Devotees of the Moscow case would no doubt push back on this notion. They might argue that their hobby is benign—that they’re just killing time on the internet, indulging in a bit of frivolous speculation for fun. But the consequences of this kind of conspiracy thinking are never contained to their virtual communities. They dribble out into real-life communities, where real people are affected.

Two weeks after I left Moscow, the University of Idaho announced that it planned to demolish the gray house at 1122 King Road. The house sits halfway up a hill, surrounded by squat apartment buildings and unassuming homes. Before the murders, it was known as a hub of off-campus social activity. The roommates liked to throw parties, and local police had responded to several noise complaints. On the day I visited, there were still signs of before. A Christmas wreath hung on the door; strings of lights dangled above the back patio.

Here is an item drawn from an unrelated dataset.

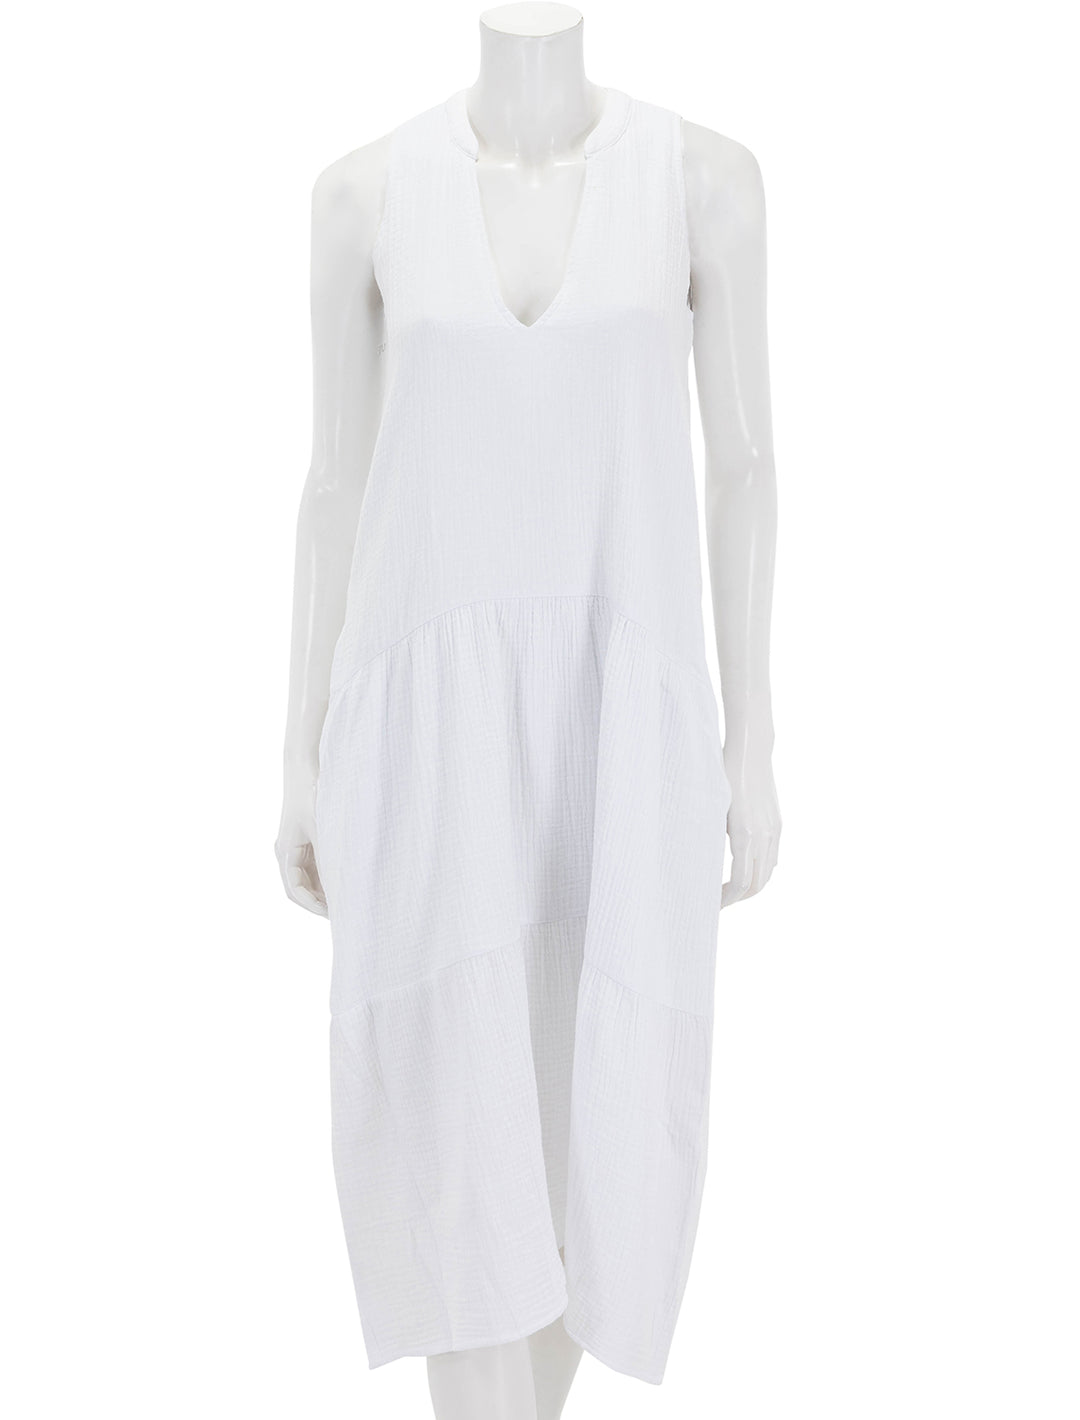 Front view of Splendid's sumner gauze maxi dress in white.

The question of what to do with the house had been a subject of debate in town. It was still a crime scene at the moment, but some locals wanted to see it restored and preserved in honor of the victims. These students had good times in that house, the argument went—why let their memories be overshadowed by the murders?

But there was a bleak reality to contend with. As long as the house was standing, it seemed, an unnerving stream of sightseers and sleuths would continue to turn up in the neighborhood. There was no going back.